Based largely on the work of "mallluhuct at gmail dot com", I added parse_url() compatible "named values" which makes the array values a lot easier to work with (instead of just numbers). I also implemented detection of port, username/password and a back-reference to better detect URL's like this: //en.wikipedia.com
... which, although is technically an invalid URL, it's used extensively on sites like wikipedia in the href of anchor tags where it's valid in browsers (one of the types of URL's you have to support when crawling pages). This will be accurately detected as the host name instead of "path" as in all other examples.
I will submit my complete function (instead of just the RegExp) which is an almost "drop-in" replacement for parse_url(). It returns a cleaned up array (or false) with values compatible with parse_url(). I could have told the preg_match() not to store the unused extra values, but it would complicate the RegExp and make it more difficult to read, understand and extend.
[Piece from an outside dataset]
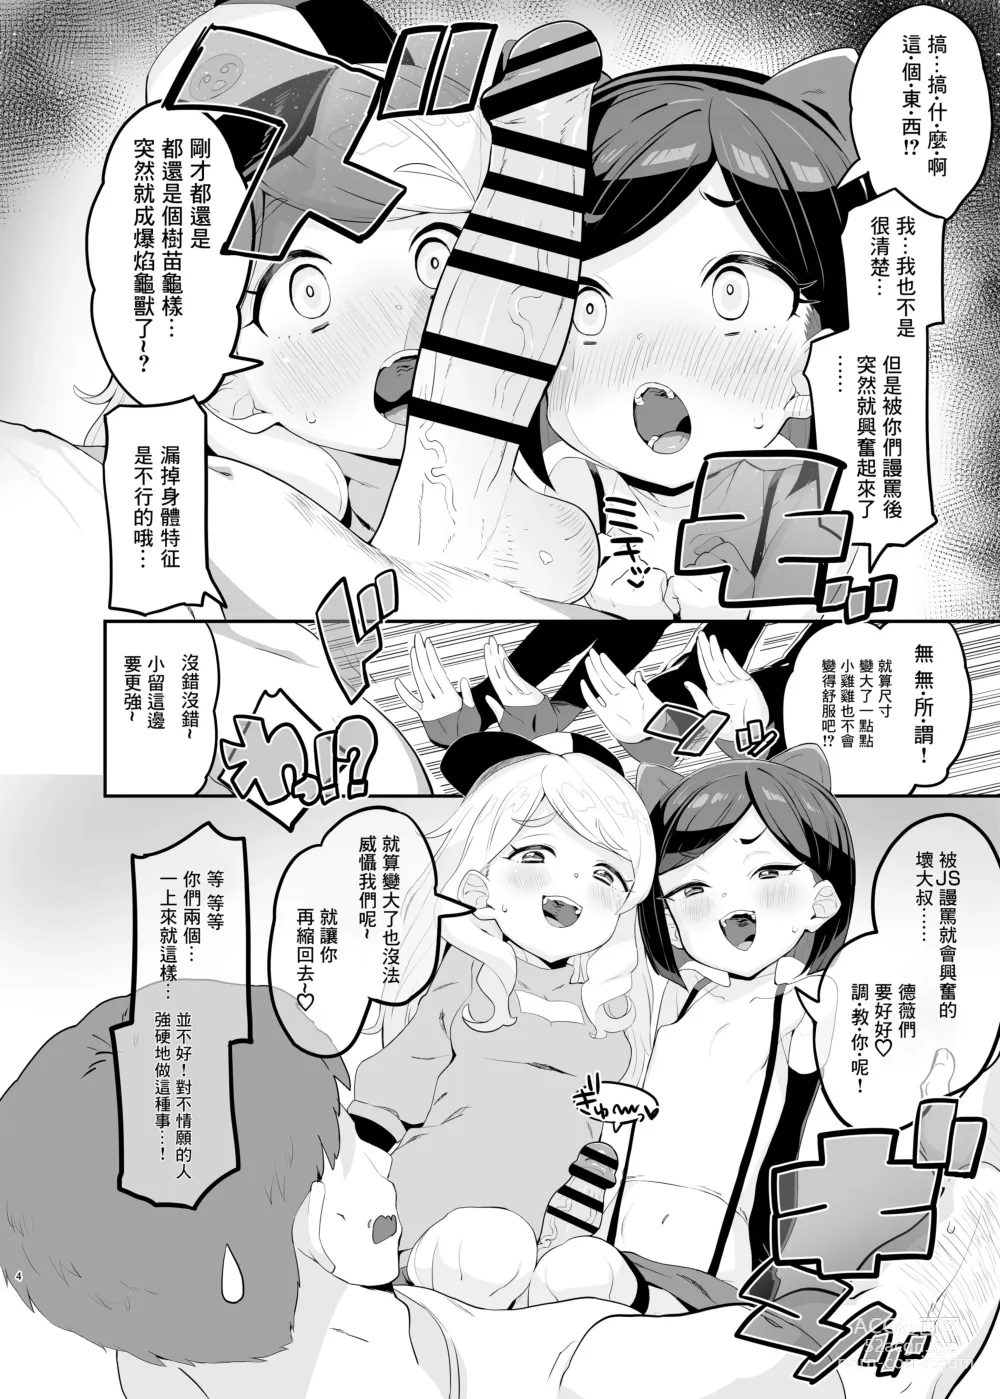 Page 4 of doujinshi Retsujou-ban Mesugaki Trix Lou VS Devi VS Sao-yaku Ojisan

The key to detecting UTF-8 characters is the use of the "u" parameter in preg_match().
<?php
function parse_utf8_url($url)
{
static $keys = array('scheme'=>0,'user'=>0,'pass'=>0,'host'=>0,'port'=>0,'path'=>0,'query'=>0,'fragment'=>0);
if (is_string($url) && preg_match(
'~^((?P<scheme>[^:/?#]+):(//))?((\\3|//)?(?:(?P<user>[^:]+):(?P<pass>[^@]+)@)?(?P<host>[^/?:#]*))(:(?P<port>\\d+))?' .
'(?P<path>[^?#]*)(\\?(?P<query>[^#]*))?(#(?P<fragment>.*))?~u', $url, $matches))
{
foreach ($matches as $key => $value)
if (!isset($keys[$key]) || empty($value))
unset($matches[$key]);
return $matches;
}
return false;
}
?>
UTF-8 URL's can/should be "normalized" after extraction with this function.